▶ EXERCISE DATA
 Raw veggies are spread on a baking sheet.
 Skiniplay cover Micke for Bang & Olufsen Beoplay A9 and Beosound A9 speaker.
---
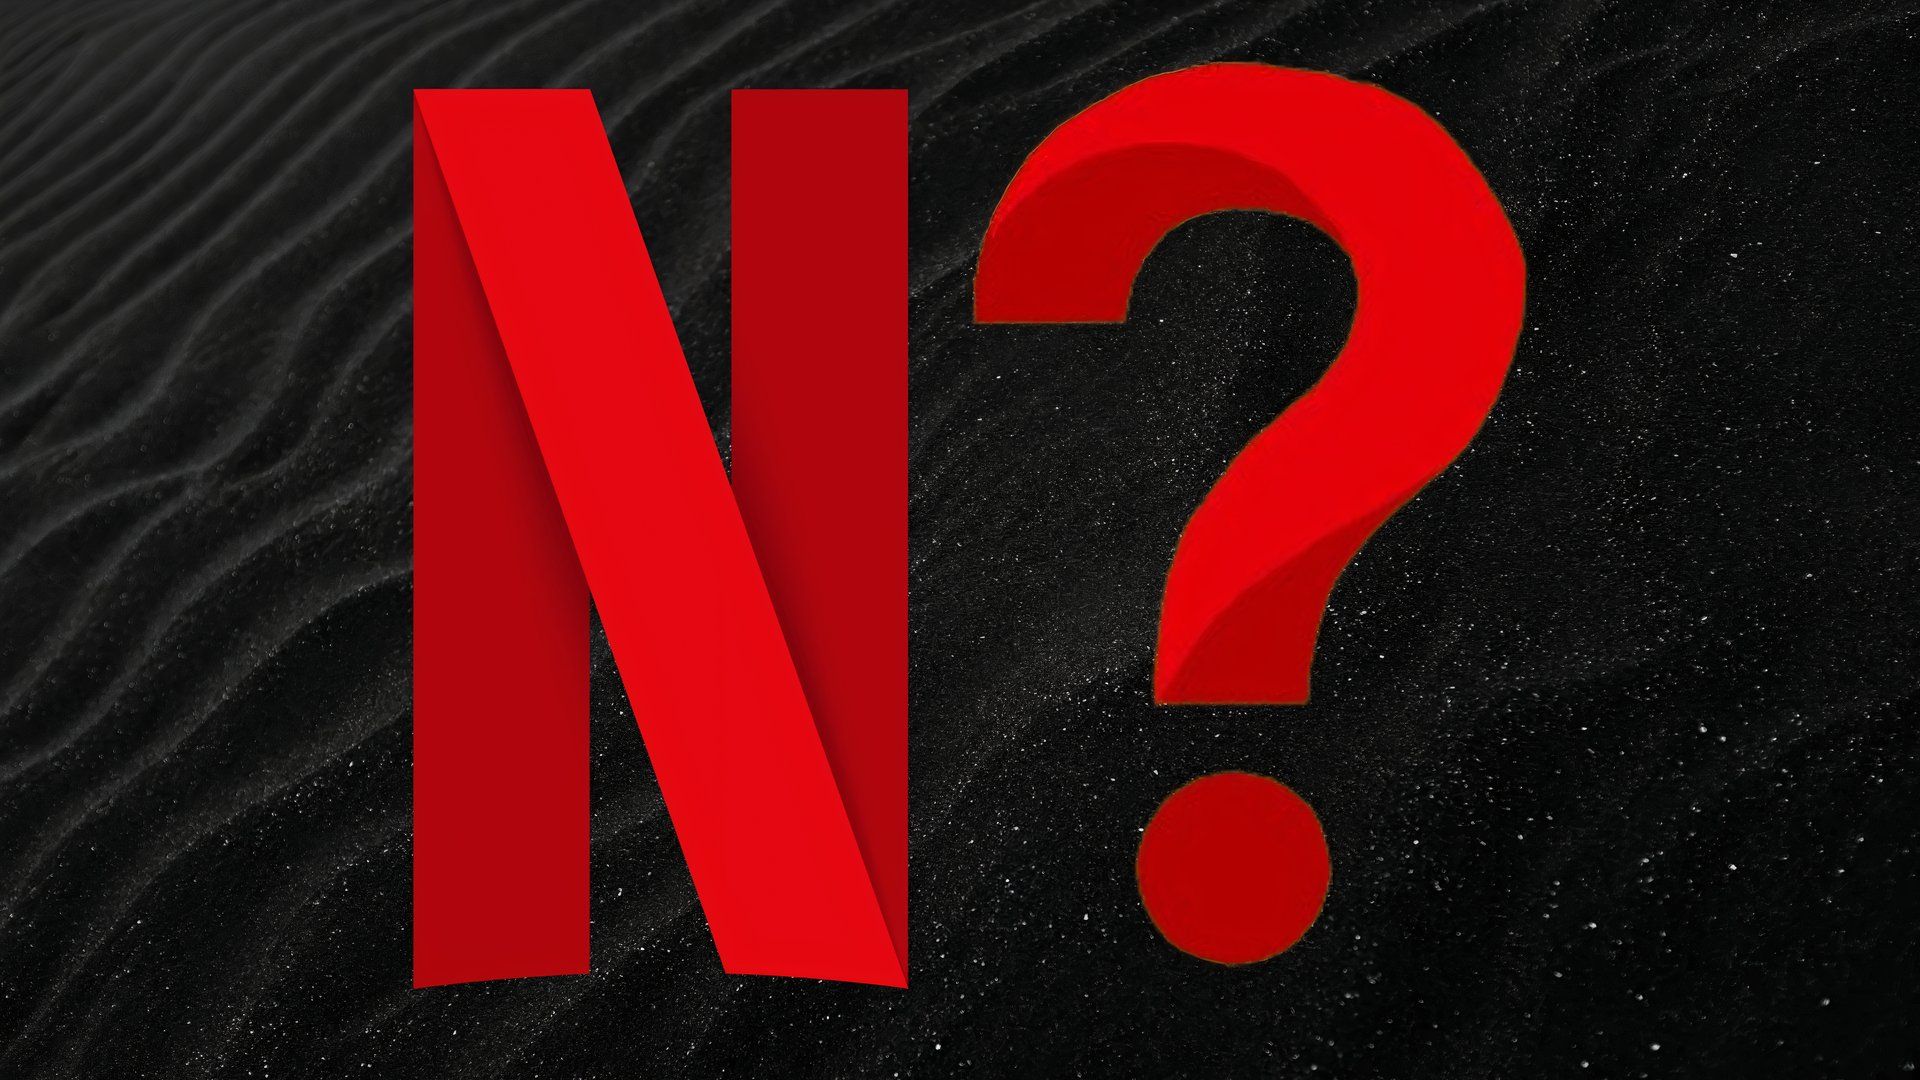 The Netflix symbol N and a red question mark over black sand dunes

▶ TASK
Taking the line with "Raw veggies are spread on a baking sheet." as the first and the line with "Skiniplay cover Micke" as the last, retype that stretch of the data above exactly, with no other lines.

▶ EXPECTED ANSWER
 Raw veggies are spread on a baking sheet.
 Skiniplay cover Micke for Bang & Olufsen Beoplay A9 and Beosound A9 speaker.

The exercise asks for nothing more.